Assuming the field is given by
[tex]\mathbf f(x,y)=ye^{xy}\,\mathbf i+xe^{xy}\,\mathbf j[/tex]
then because [tex]\mathbf f(x,y)[/tex] is continuous, there is some scalar potential function [tex]f(x,y)[/tex] such that [tex]\nabla f(x,y)=\mathbf f(x,y)[/tex], i.e. the vector field is conservative. So
[tex]\dfrac{\partial f(x,y)}{\partial x}=ye^{xy}[/tex]
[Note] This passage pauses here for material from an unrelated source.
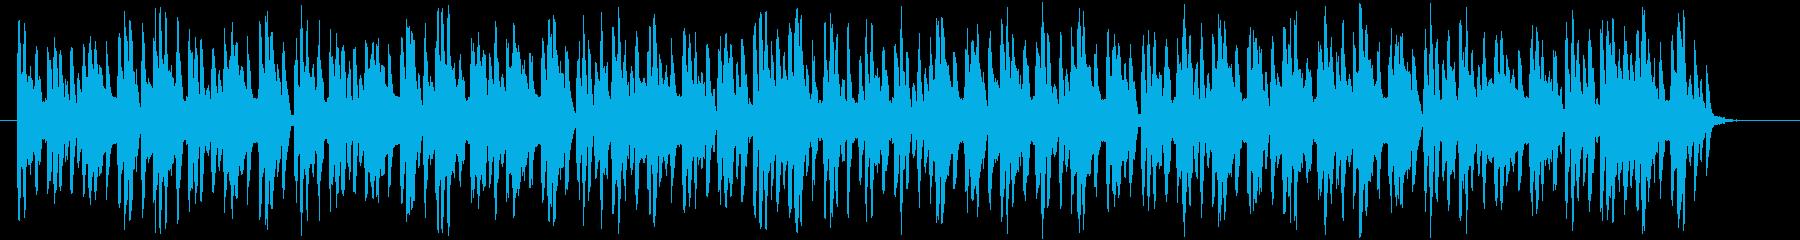 魔法がありそうな日常・異世界系BGM1の再生済みの波形

[tex]\displaystyle\int\dfrac{\partial f}{\partial x}=\dfrac{ye^{xy}}y+g(y)=e^{xy}+g(y)[/tex]
[tex]\dfrac{\partial f(x,y)}{\partial y}=\dfrac{\partial(e^{xy}+g(y))}{\partial y}[/tex]
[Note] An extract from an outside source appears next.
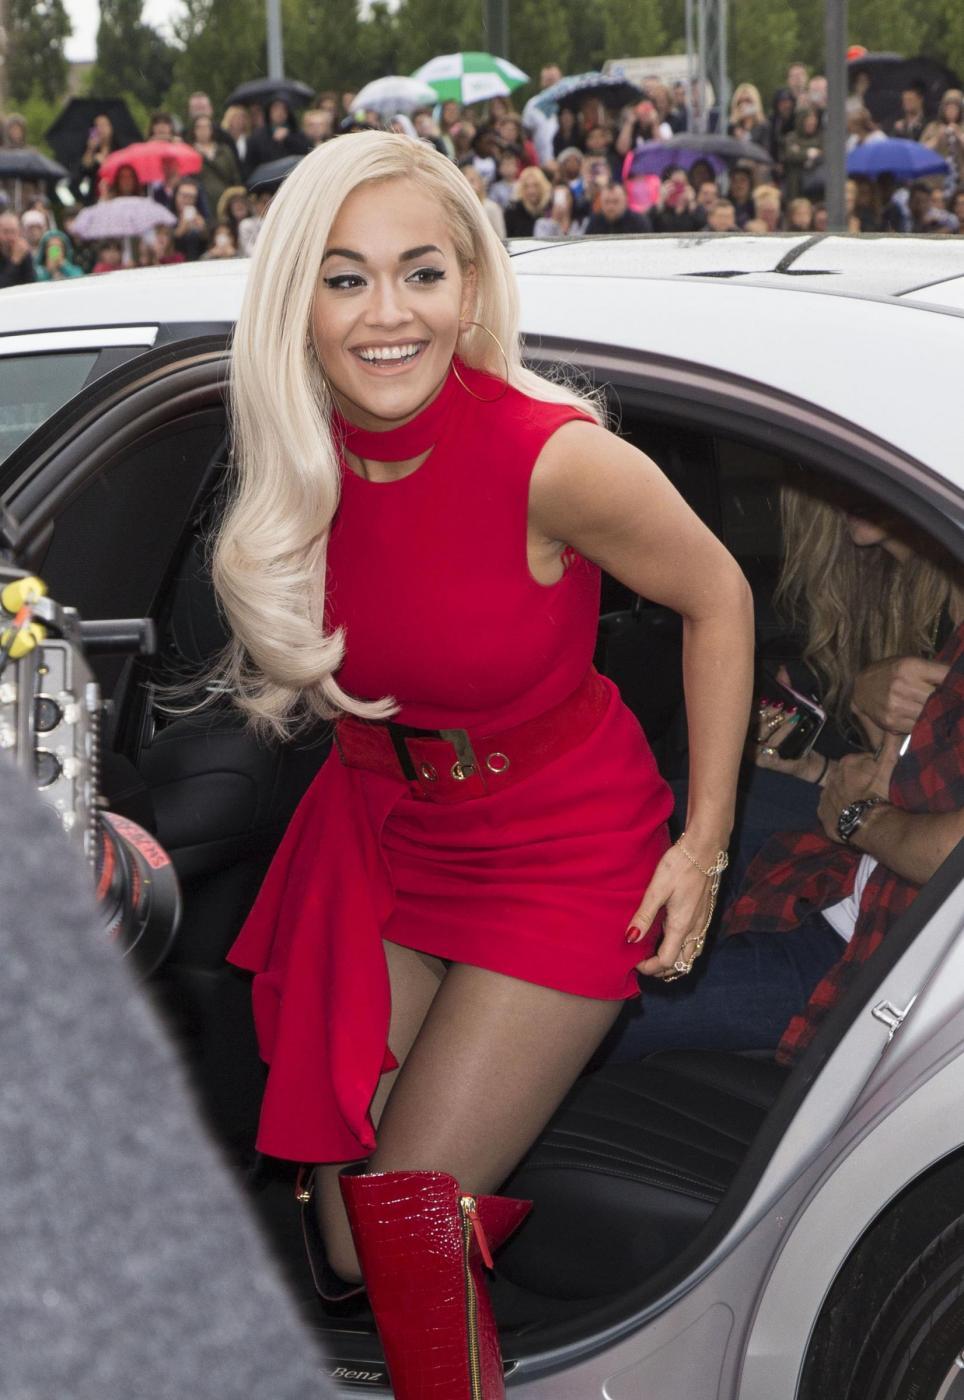 Rita Ora copia Irina Shayk: stesso abito rosso firmato Versace FOTO

[tex]xe^{xy}=xe^{xy}+g'(y)[/tex]
[tex]0=g'(y)[/tex]
[tex]\implies g(y)=C[/tex]
[tex]\implies f(x,y)=e^{xy}+C[/tex]
The value of the line integral then depends on only the endpoints of the path and the gradient theorem (fundamental theorem of calculus for line integrals) applies.